= Trần Văn Khiêm =

South Vietnamese politician

Trần Văn Khiêm is the younger brother of Madame Ngô Đình Nhu, the former First Lady of South Vietnam, and a South Vietnamese politician, lawyer and public servant. He
was a press officer for South Vietnamese President Ngô Đình Diệm.

==Political career==

In 1963, during the Buddhist crisis, with relations between the United States and South Vietnam deteriorating, Khiêm drew up a hit list of American officials.
In the September 1963 legislative elections, Khiêm stood for the National Assembly for a seat in Vĩnh Long, which he subsequently won. At the same time, he was estranged from his sister and her husband, who suspected him of handing over sensitive information about the government.

==Family==
He had a child with Mireille Sautereau named Pierre in Paris.

==Criminal charges==

In 1986, Khiêm was charged with killing his parents, Trần Văn Chuơng and Madame Chuơng, in their Washington, D.C., home. Chuơng had been South Vietnam's ambassador to the United States and observer at the United Nations under the rule of his daughter's brother-in-law, Ngô Đình Diệm.
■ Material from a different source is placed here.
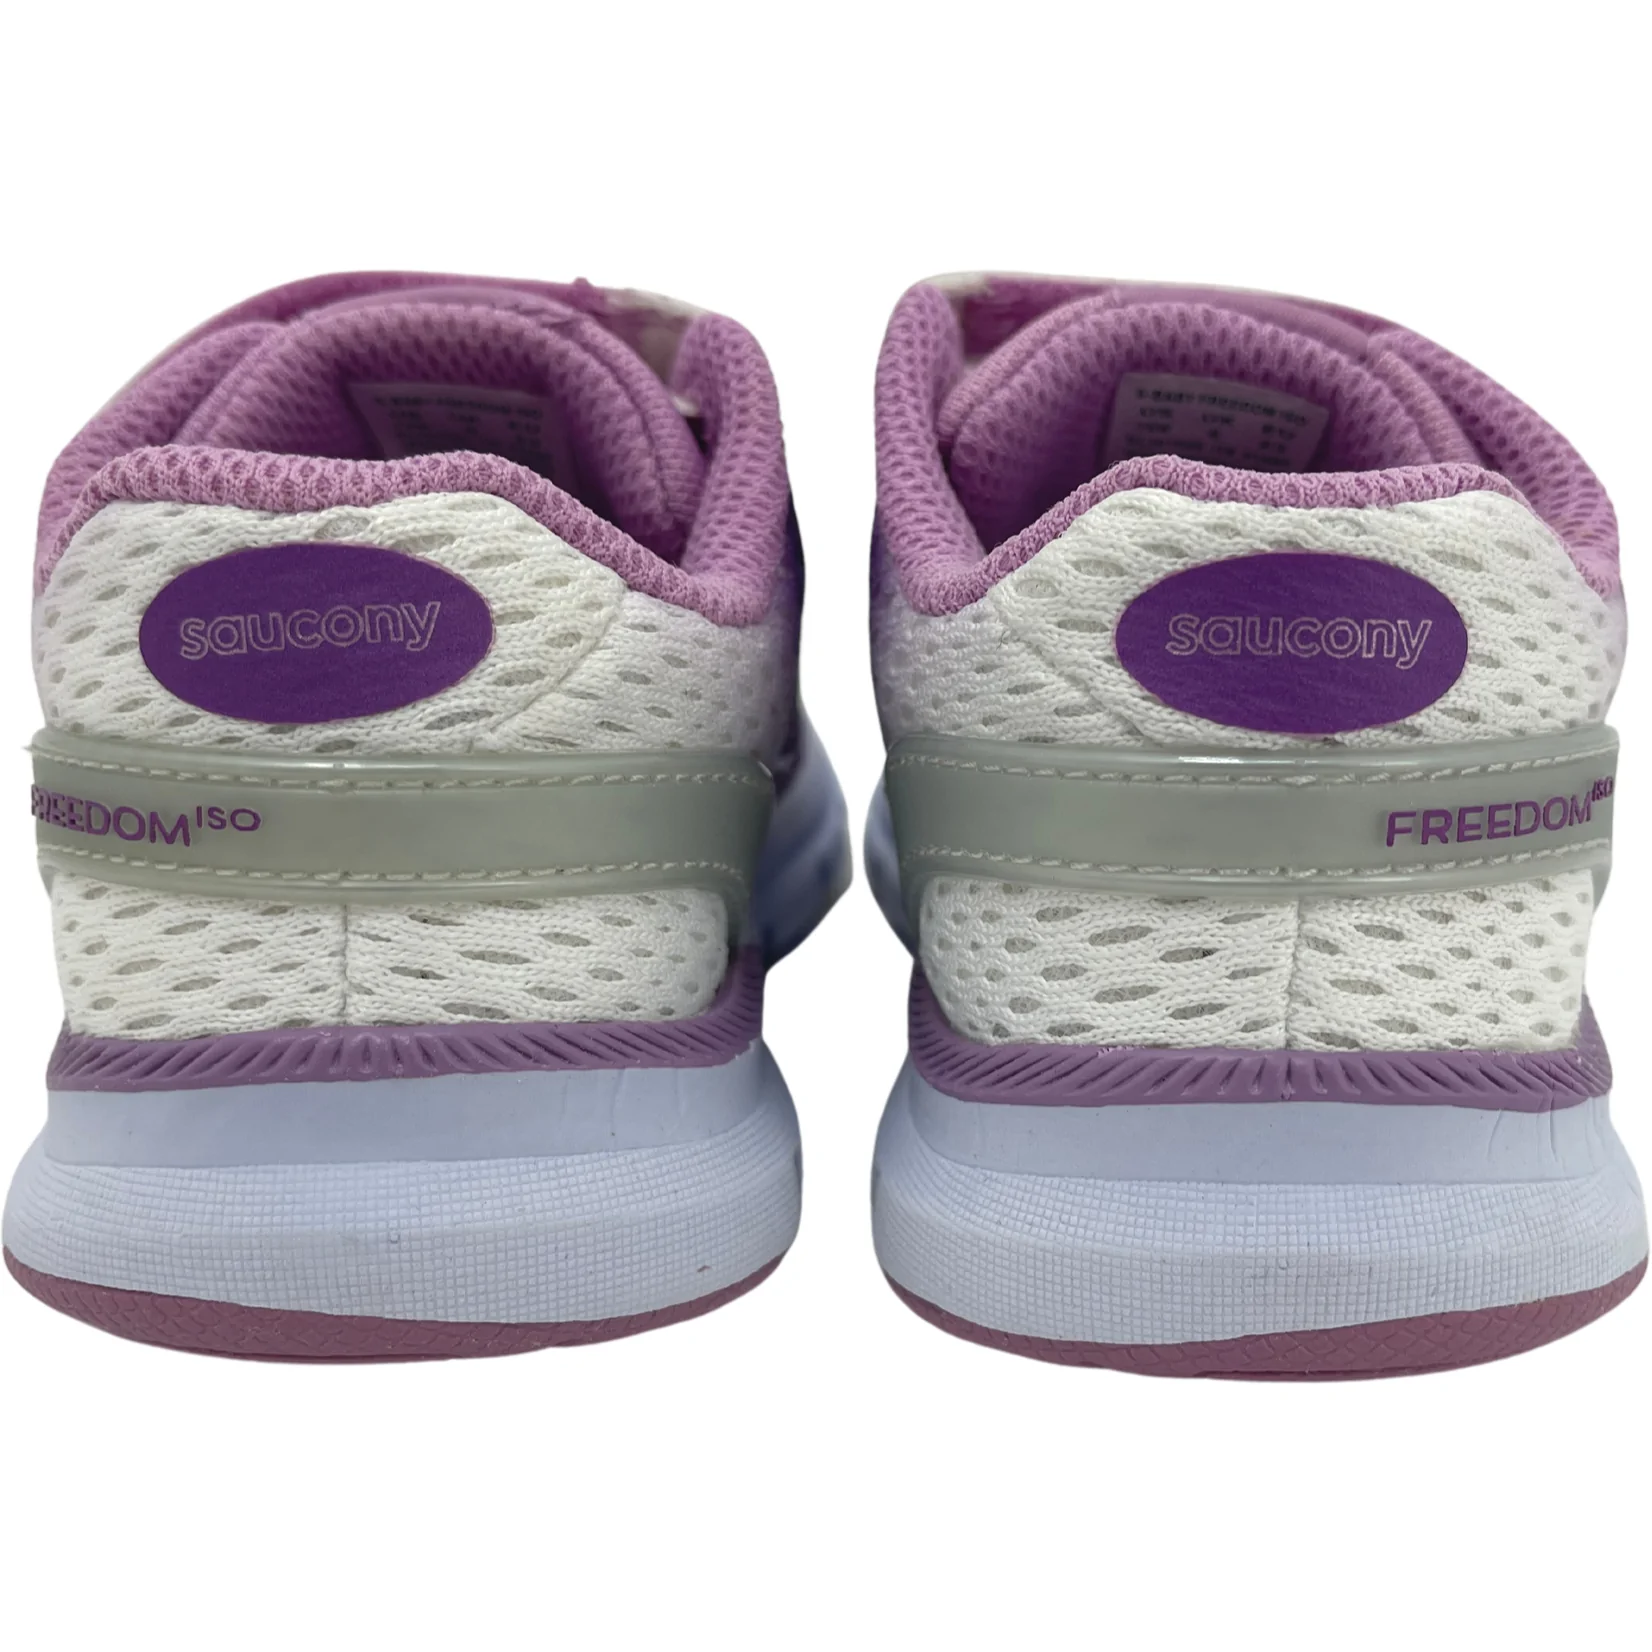 Saucony Girl's Running Shoes / S-Baby Freedom / Pink & Purple / Size 7XW **No Tags**

Khiêm was ruled unfit for trial on grounds of mental incompetence.

==Deportation==

In 1993, then 68, he was released from St. Elizabeths Hospital, when D.C. Superior Court Judge Curtis E. von Kann found that Khiem would never be competent to assist in his own defense. Immigration Judge John Milo Bryant ordered that Khiem be deported, and Immigration and Naturalization Service officials took him to Dulles International Airport, where he boarded a flight to France.